Poisson Pseudo-Maximum Likelihood (PPML) Model with Cluster-Robust Standard Errors • capybara

We will estimate a Poisson Pseudo-Maximum Likelihood (PPML) model using the data available in this package with the idea of replicating the PPML results from Table 3 in Yotov et al. (2016).

This requires to include exporter-time and importer-time fixed effects, and to cluster the standard errors by exporter-importer pairs.

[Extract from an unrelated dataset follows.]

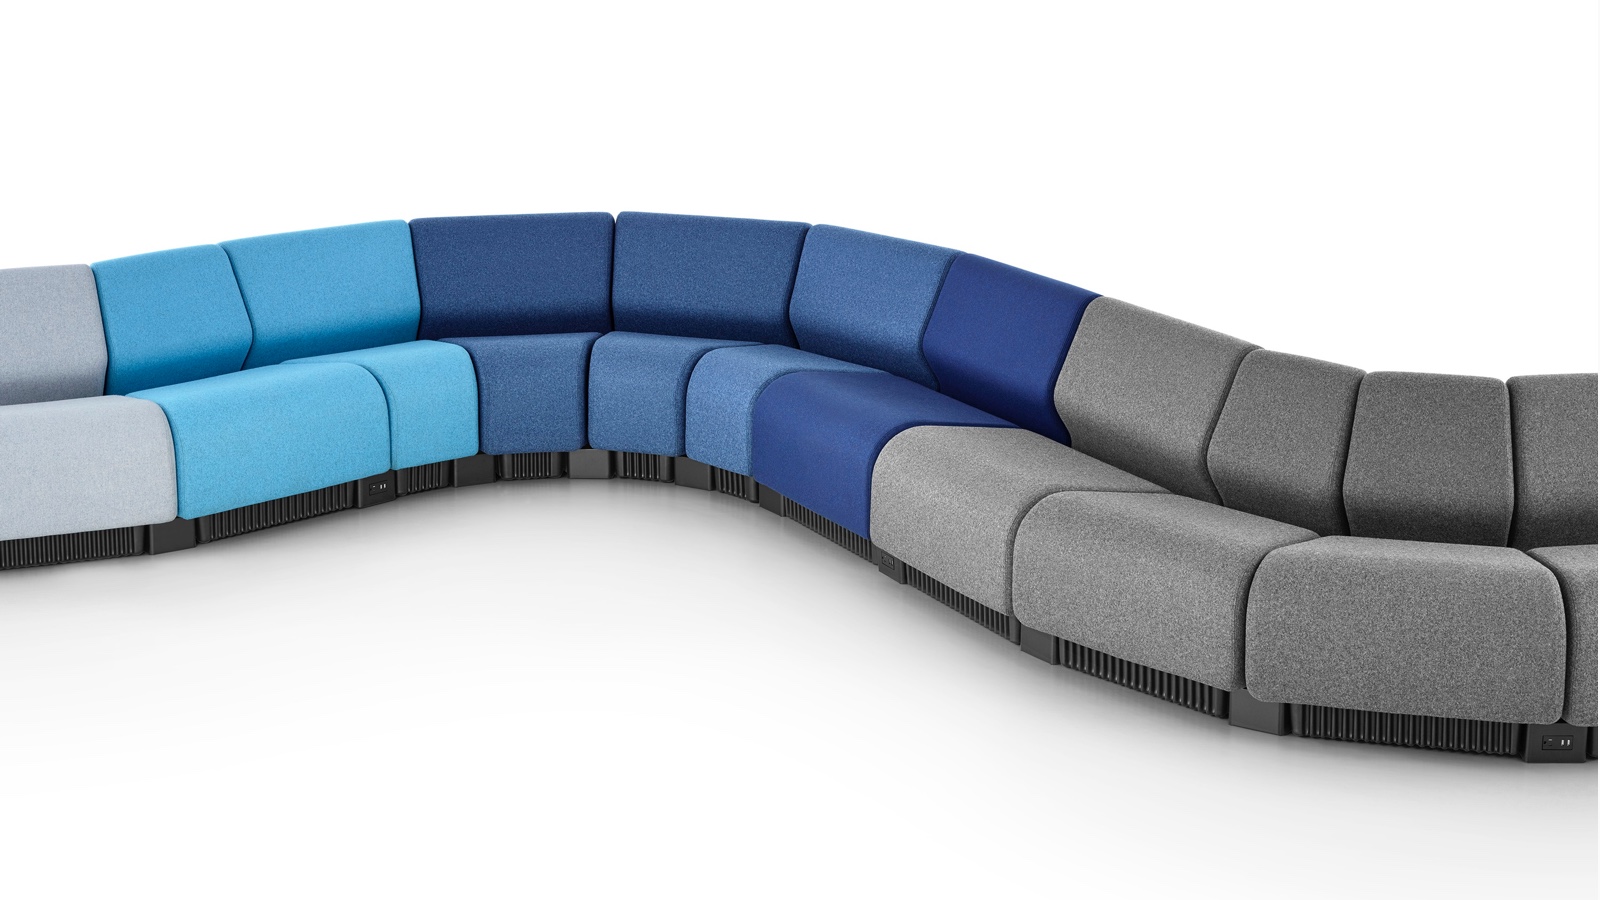 深浅不同的灰色和蓝色Chadwick模块化座椅模块构成一道蜿蜒的蛇形座椅配置。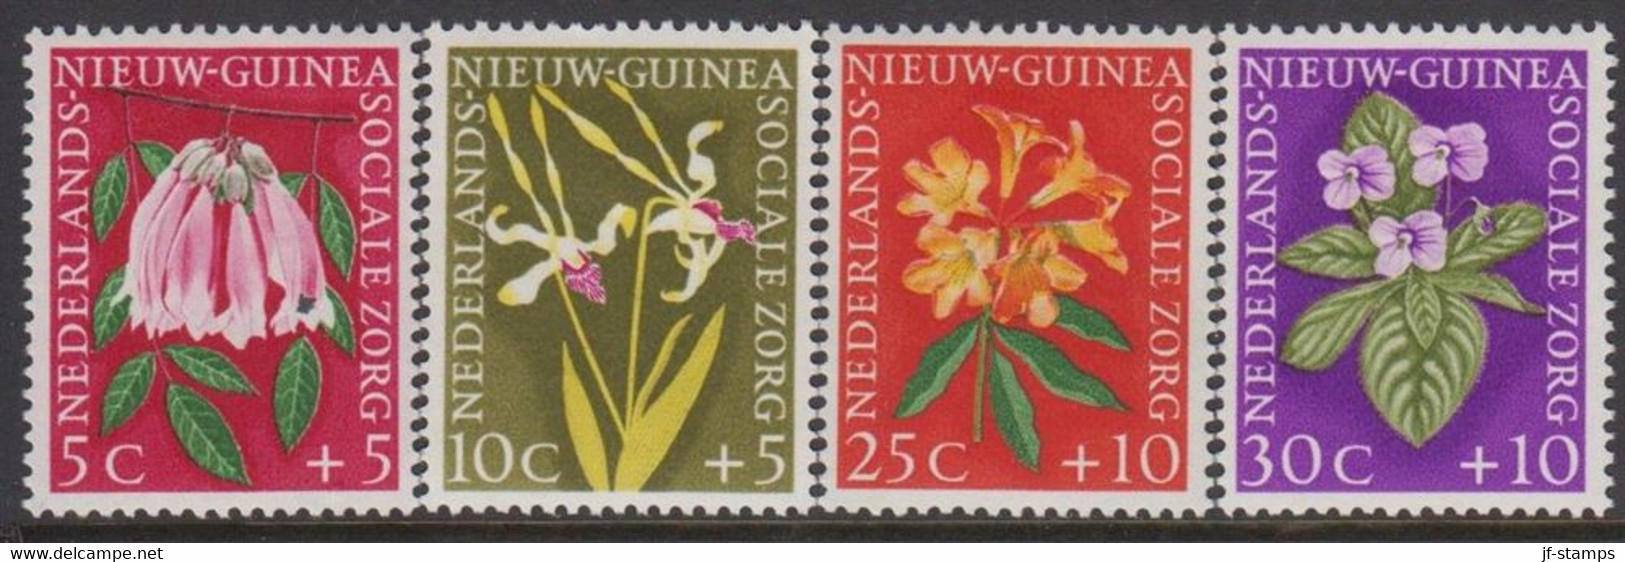 1959. NIEUW GUINEA. Flowers Complete Set Hinged.  - JF529305 - Nederlands Nieuw-Guinea

The PPML especification corresponds to: $\begin{align} X_{ij,t} =& \:\exp\left[\beta_1 \log(DIST)_{i,j} + \beta_2 CNTG_{i,j} +\right.\\ \text{ }& \:\left.\beta_3 LANG_{i,j} + \beta_4 CLNY_{i,j} + \pi_{i,t} + \chi_{i,t}\right] \times \varepsilon_{ij,t}. \end{align}$

We use dplyr to obtain the log of the distance. This model excludes domestic flows, therefore we need to subset the data also with dplyr.

Required packages:

library(capybara)

We can use the fepoisson() function to obtain the estimated coefficients and we add the fixed effects as | exp_year + imp_year in the formula.

Model estimation:

fit <- fepoisson(
  trade ~ log_dist + cntg + lang + clny + rta | exp_year + imp_year,
  data = trade_panel
)

summary(fit)
#> Formula: trade ~ log_dist + cntg + lang + clny + rta | exp_year + imp_year
#> 
#> Family: Poisson
#> 
#> Estimates:
#> 
#> |          | Estimate | Std. Error | z value    | Pr(>|z|)   |
#> |----------|----------|------------|------------|------------|
#> | log_dist |  -0.8216 |     0.0004 | -2194.0448 | 0.0000 *** |
#> | cntg     |   0.4155 |     0.0009 |   476.0613 | 0.0000 *** |
#> | lang     |   0.2499 |     0.0008 |   296.8884 | 0.0000 *** |
#> | clny     |  -0.2054 |     0.0010 |  -206.3476 | 0.0000 *** |
#> | rta      |   0.1907 |     0.0010 |   191.0964 | 0.0000 *** |
#> 
#> Significance codes: *** 99.9%; ** 99%; * 95%; . 90%
#> 
#> Pseudo R-squared: 0.587 
#> 
#> Number of observations: Full 28152; Missing 0; Perfect classification 0 
#> 
#> Number of Fisher Scoring iterations: 11

The coefficients are almost identical to those in Table 3 from Yotov et al. (2016) that were obtained with Stata. The difference is attributed to the different fitting algorithms used by the software. Capybara uses the demeaning algorithm proposed by Stammann (2018).

fit <- fepoisson(
  trade ~ log_dist + cntg + lang + clny + rta | exp_year + imp_year | pair,
  data = trade_panel
)

summary(fit, type = "clustered")
#> Formula: trade ~ log_dist + cntg + lang + clny + rta | exp_year + imp_year | 
#>     pair
#> 
#> Family: Poisson
#> 
#> Estimates:
#> 
#> |          | Estimate | Std. Error | z value | Pr(>|z|)   |
#> |----------|----------|------------|---------|------------|
#> | log_dist |  -0.8216 |     0.1567 | -5.2437 | 0.0000 *** |
#> | cntg     |   0.4155 |     0.4568 |  0.9097 | 0.3630     |
#> | lang     |   0.2499 |     0.3997 |  0.6252 | 0.5319     |
#> | clny     |  -0.2054 |     0.3287 | -0.6250 | 0.5320     |
#> | rta      |   0.1907 |     0.7657 |  0.2491 | 0.8033     |
#> 
#> Significance codes: *** 99.9%; ** 99%; * 95%; . 90%
#> 
#> Pseudo R-squared: 0.587 
#> 
#> Number of observations: Full 28152; Missing 0; Perfect classification 0 
#> 
#> Number of Fisher Scoring iterations: 11

The result is similar and the numerical difference comes fom the variance-covariance matrix estimation method. Capybara clustering algorithm is based on Cameron, Gelbach, and Miller (2011).

References

Cameron, A Colin, Jonah B Gelbach, and Douglas L Miller. 2011. “Robust Inference with Multiway Clustering.” Journal of Business & Economic Statistics 29 (2): 238–49.

Stammann, Amrei. 2018. “Fast and Feasible Estimation of Generalized Linear Models with High-Dimensional K-Way Fixed Effects.” arXiv. https://doi.org/10.48550/arXiv.1707.01815.

Yotov, Yoto V, Roberta Piermartini, Mario Larch, and others. 2016. An Advanced Guide to Trade Policy Analysis: The Structural Gravity Model. WTO iLibrary.